A mesa que tratou do Eixo III, “Vulnerabilidades e equidade na vida e na saúde das mulheres, emocionou a plateia com o relato da representante da Associação Baiana de Deficientes Físicos, Luiza Câmera. Keila Simpson, presidenta da Associação Nacional de Travestis e Transexuais falou de situações individuais que representam realidade da população trans. “Sou de uma época em que travesti não ia ao médico nem à farmácia. Foi através da AIDS que fomos levadas para os serviços de saúde décadas atrás, mas mesmo hoje os médicos não entendem a nossa condição. Não compreendem quando uma trans injeta silicone por uma questão de saúde mental, de se aceitar como se sente”, relatou.

Também participaram da mesa Carmen Grilo Diniz, da faculdade de saúde pública (USP) e Margareth Arilha, do Núcleo de Estudos de População “Elza Bequó”.

O quarto eixo que baliza as discussões da 2ª CNSMu trata das “Políticas públicas para as mulheres e a participação social”. A saúde integral das mulheres, a responsabilidade do SUS para a implementação de políticas públicas com equidade e a organização do movimento de mulheres e feminista para a participação social foram pontos de destaque.

Ana Costa, do Centro Brasileiro de Estudos de Saúde (Cebes), relembrou o movimento sanitarista que proporcionou a construção do SUS e sua forte relação com o movimento de mulheres e feminista que, naquele período, se fortalecia na pauta de saúde. “A saúde foi o tema que mobilizou e fortaleceu a luta feminista no processo de redemocratização. E não podemos falar de saúde da mulher sem falar no SUS e no conceito ampliado de saúde, articulando qualidade de vida”.

Ana também problematizou questões relativas aos direitos reprodutivos e sexuais, a partir de um debate politizador. A questão foi alvo de divergências no plenário e gerou manifestações.

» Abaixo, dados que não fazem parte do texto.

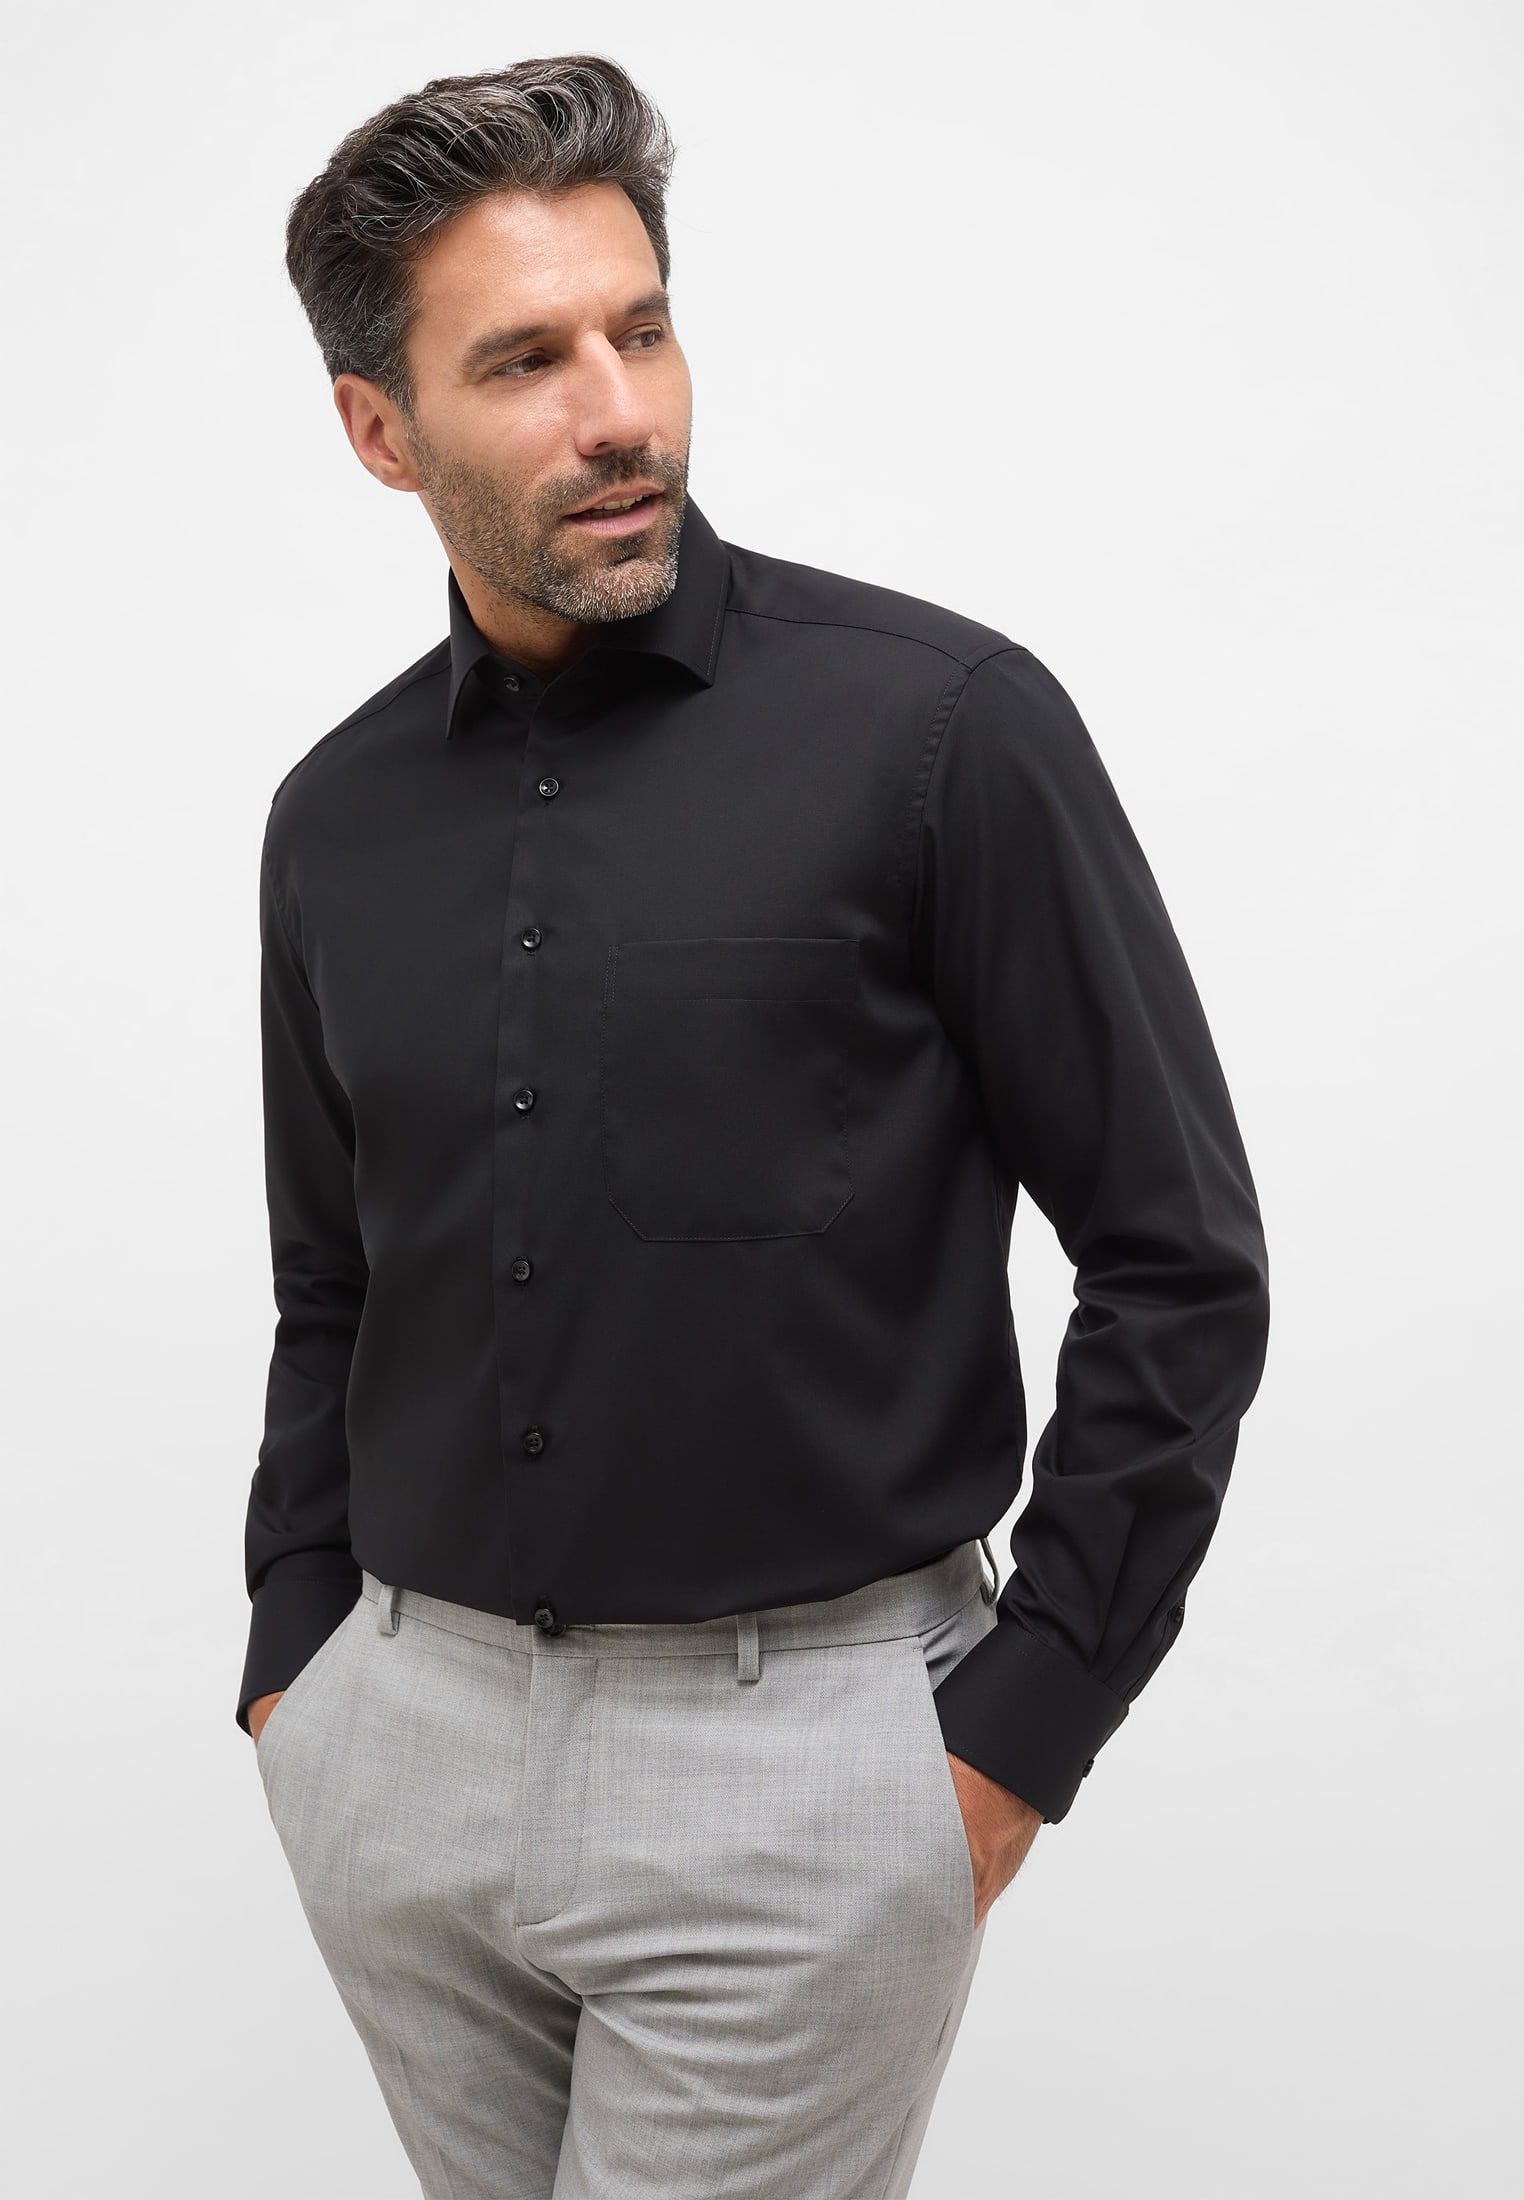 COMFORT FIT Original Shirt in | Langarm schwarz schwarz | 1SH11781-03-91-45-1/1 unifarben | 45

“Precisamos repolitizar temas crônicos como o aborto. A ilegalidade do aborto nos reduz a uma democracia de segunda linha. Mulheres de todas as classes e religiões fazem aborto, isso é estatístico. O aborto legalizado permite o acesso aquelas que precisam. Esse é um tema de confronto com o fundamentalismo e precisamos radicalizar com ele sim”.

A manutenção de direitos sociais percorreu todas as mesas. Foto: Catarinas.

Alessandra Lunas, coordenadora nacional da Marcha das Margarida, trouxe a unidade como essencial para enfrentar a retirada de direitos. “As experiências de políticas públicas foram conquistadas com luta e nós estamos neste espaço hoje para dizer a esse governo golpista que não vamos recuar. Faço um chamado a cada uma de nós para uma luta conjunta”, propõe.

A integrante da Marcha das Mulheres Negras, Angela Martins, demonstrou, a partir de dados, de que forma o racismo impacta na saúde da população e da juventude negra.

Neste sábado, 19, os temas debatidos nas quatro mesas e as propostas construídas nas etapas locais serão esmiuçados em grupos.